Knowing More About Excesses on Car Insurance Policies

It’s no secret that car insurance can be expensive. In fact, for some people, it can be downright prohibitive. And while most of us are happy to pay our premiums every month to safeguard ourselves and our loved ones, there are a few of us who like to push the limits and see just how low we can go. We take on extra jobs, we cancel our gym memberships, and we try to save as much money as possible.

But one area where we often don’t think to save is on our car insurance. We just assume that our premiums are set in stone and there’s nothing we can do about it. However, this isn’t always the case. There are a few ways that you can save money on your car insurance, one of which is by knowing more about excesses. Another is knowing how to correctly compare car insurance.
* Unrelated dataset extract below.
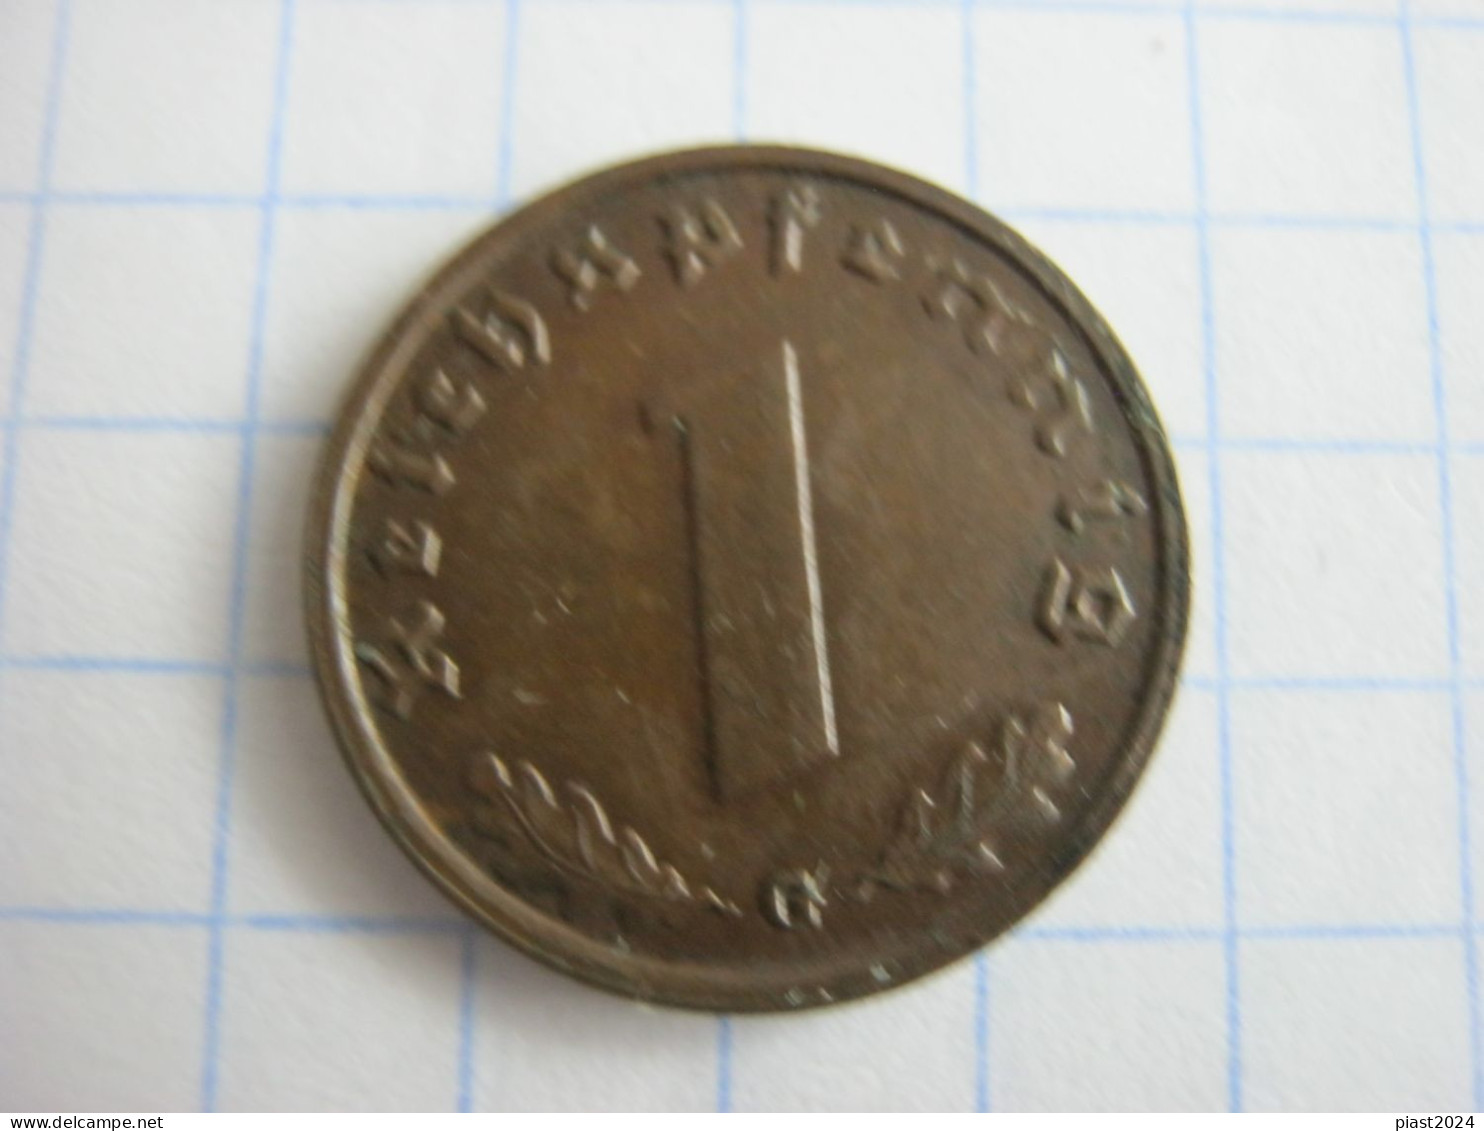 Germany 1 Reichspfennig 1938 G - 1 Reichspfennig

In other words, we should know why some policies online are cheaper than others. Excesses are one way that insurers will keep their premiums low and competitive. Apart from compulsory excesses that are applied, you could opt for a voluntary one, if you consider yourself a safe driver who is unlikely to make a lot of claims.

Defining a Policy Excess

An excess is the amount of money that you have to pay towards a claim before your insurer will start to pay. So, for example, if you have an excess of £200 and you make a claim for £2000, you will need to pay the first £200 and your insurer will pay the remaining £1,800.
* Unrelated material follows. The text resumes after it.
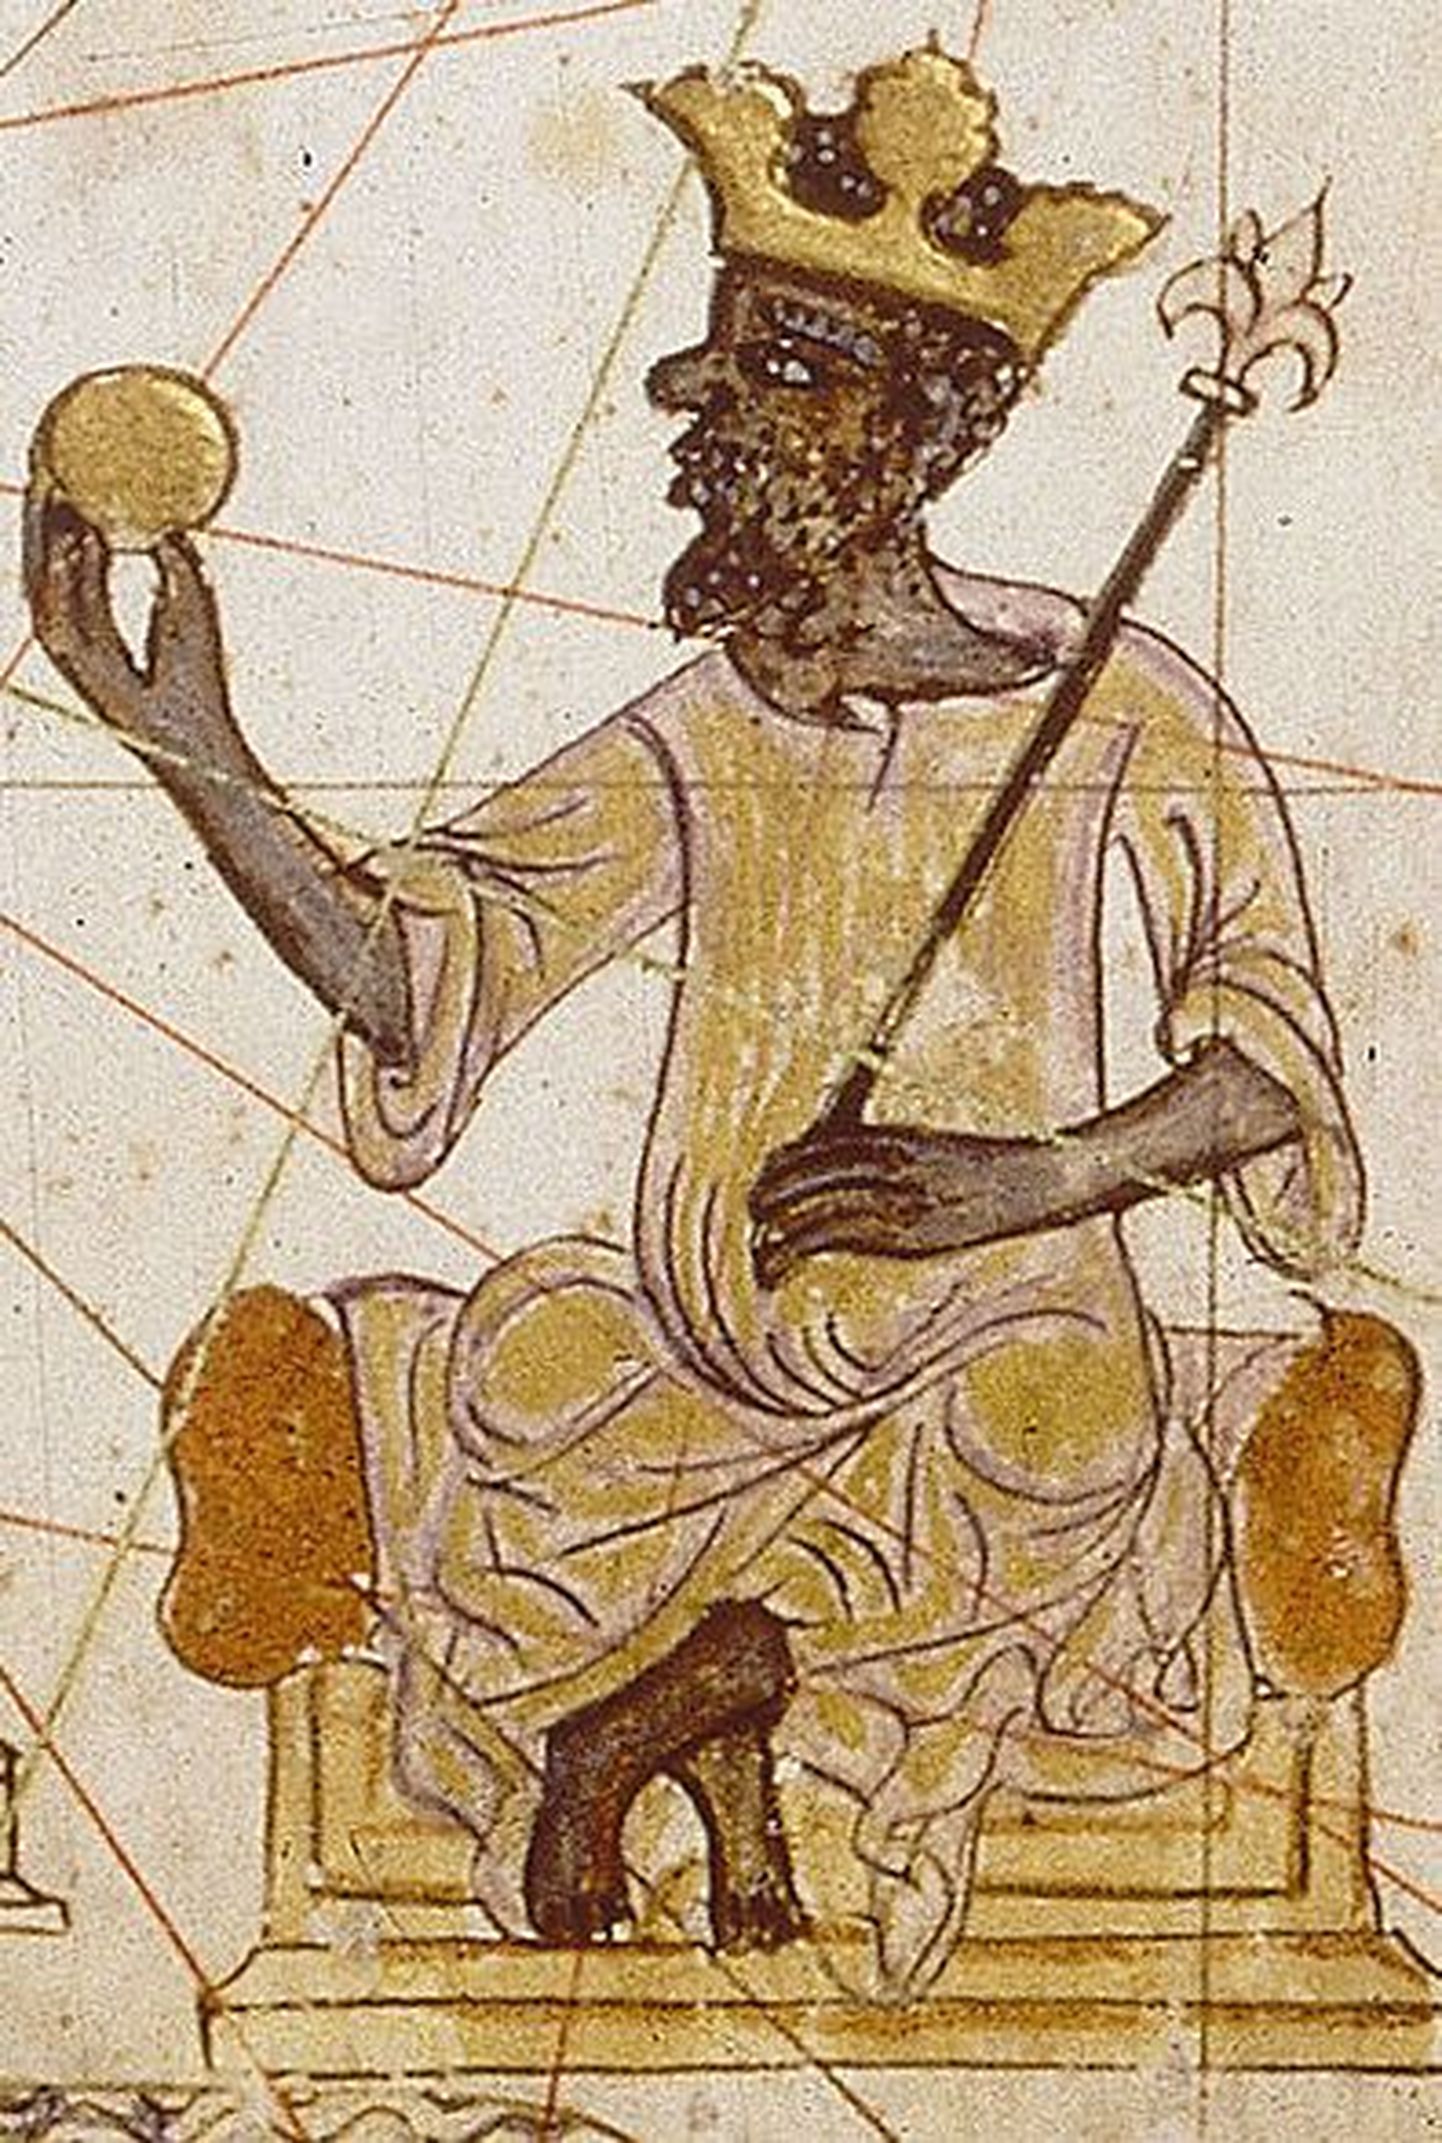 Maailma rikkaim inimene on 14. sajandi Lääne-Aafrika kuningas

What Purpose Do Excesses Serve?

Excesses are designed to deter people from making small claims, as they are not worth the hassle for either party. However, they can also work in your favour if you are a safe driver and have never made a claim. You can save on your premiums each year by opting for a higher compulsory excess and also choosing to add a voluntary excess on top.

Disadvantages of Excesses

Of course, there is a downside to having a policy excess with motor insurance. You will have to pay out of your pocket if you do need to make a claim. The good news is that the excess for windscreens is lower than with vehicle damage as this is something that can happen often if you need to drive on motorways or fast roads.

However, the downside of excesses is often outweighed by the savings you can make on your premium. This is because insurers see people who accept higher excesses as being less of a risk because of the extra care they are likely to take when driving. It is a gamble that has to be balanced against the premium you could save and the cost you could avoid if you did have an accident and needed to pay an excess.

Typical Excesses

Generally, a £100 excess will be included as standard on third-party fire and theft policies. There is more flexibility with comprehensive insurance in terms of vehicle excesses given or chosen. Typically, young drivers will be allocated a higher policy excess to make their premiums affordable. Another way is, of course, for parents to control what type of vehicle a son or daughter is driving. A sporty model or one with a high engine size will significantly increase a premium. This is because insurers already consider young drivers an extra insurance risk and so to add in greater performance in terms of the vehicle driven is to greatly increase the risk compared to older and more experienced drivers.

So, if you’re looking to save money on your car insurance, it is worth considering your excess. Just be sure when you are shopping around that you compare premiums based on the excesses offered.